7 - this option is not enabled by default right ? i don’t need the relay as I can have a direct connection with my server. right ?
ps : I have a letsencrypt certificate that works correctly when I want to connect to DSM from external or internal using my https://XXX.tk address. I don’t know if it could be used to access correctly to plex server in https so that firefox don’t cry about the certificate that is not valid.
I think that even if certificate is not valid, transmission is still encrypted but I’m not sure.
Open the server using http://192.168.x.x:32400/web
Plex will load the Plex/web app (read only) using HTTP
Plex/web will then, call back to the server using HTTPS.

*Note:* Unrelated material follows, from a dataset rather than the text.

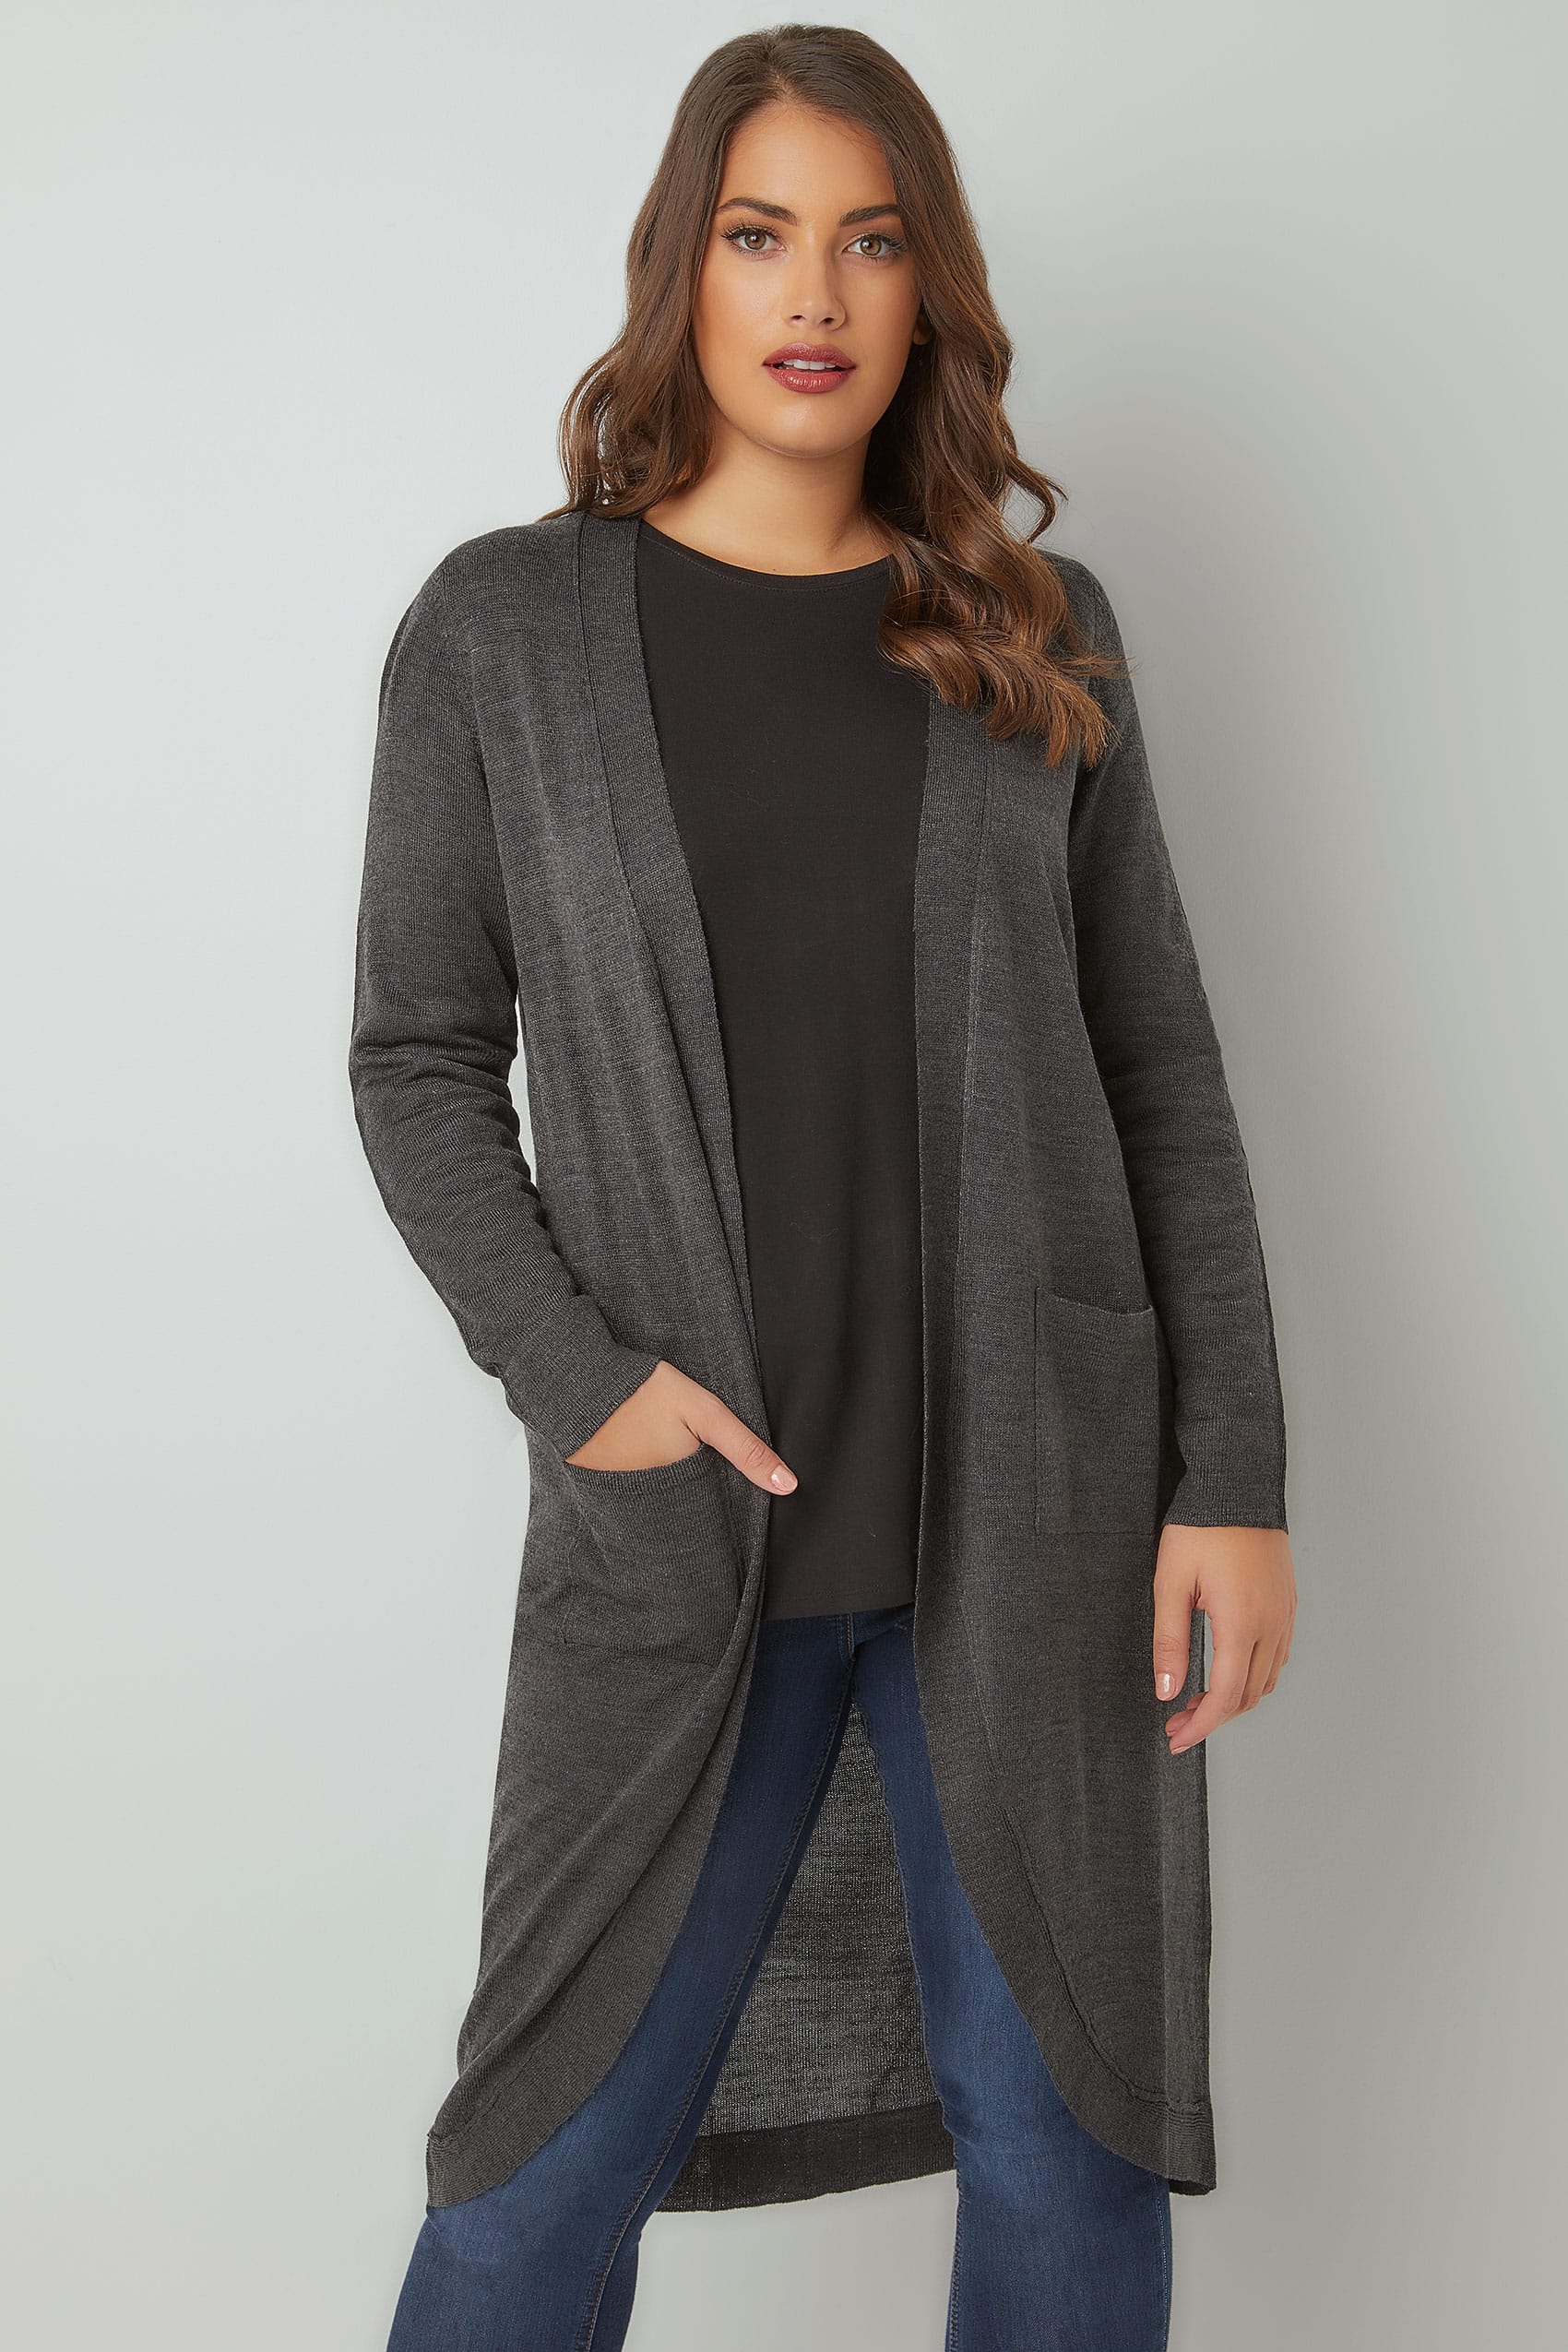 Dark grey cardigan long sweater pattern – Girls clipart, current
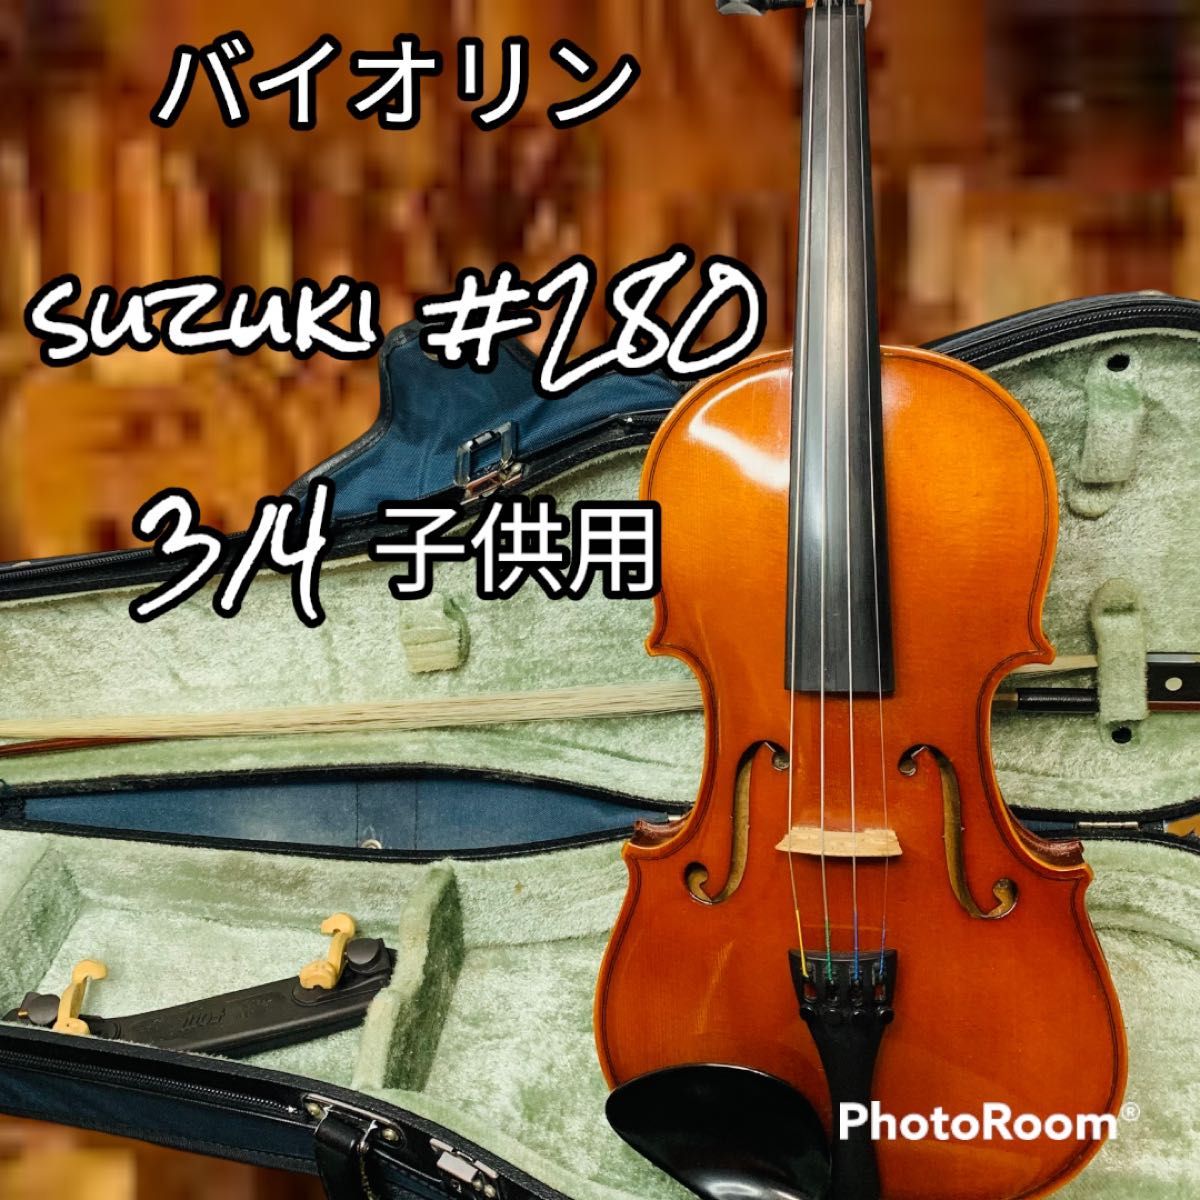 SUZUKI バイオリンNo 280 3/4 バイオリン 練習や子供用に｜PayPayフリマ

You will see the green dot with the lock symbol next to the server’s name which confirms Plex/Web is HTTPS
Thanks.
Using plex.tv website or http://my domain.tk:xxx, I have the green lock next the name of my plex server name.
Using internal Ip, I have not green lock but I don’t care as all my stream are internal.
When I’m using http://my domain.tk:xxx and green lock is activated it means that connection to my plex server is securized.
But as website is not https then am I true when I say that all the website content that I’m currently seeing can be seen (caught) by someone on internet. Right ?
For instance a company that want to analyze what are the top 10 films that are seen by plex users.
So what is really securized ? The access to the data of my nas and only this? When I see a film is the data stream of the film encrypted ? Maybe not…
YES – When green lock, you have secure communication.
The entire communication session is secure & encrypted. Nobody can read anything which is sent or received.
This is the purpose of HTTPS. It is 100% private.
very sorry not to understand but as the web site is only http:// the content itself of the webpage is not protected, right ?
http is only used to load the plex/web app from PMS
The first thing it does is switch to https (secure) because it has a valid certificate embedded in it.
Everything is secure – unless you disable it.
I can see the switch to https on the browser adresse tab ? because for me except the green lock, browser is kept in “http” without switch.
This topic was automatically closed 90 days after the last reply. New replies are no longer allowed.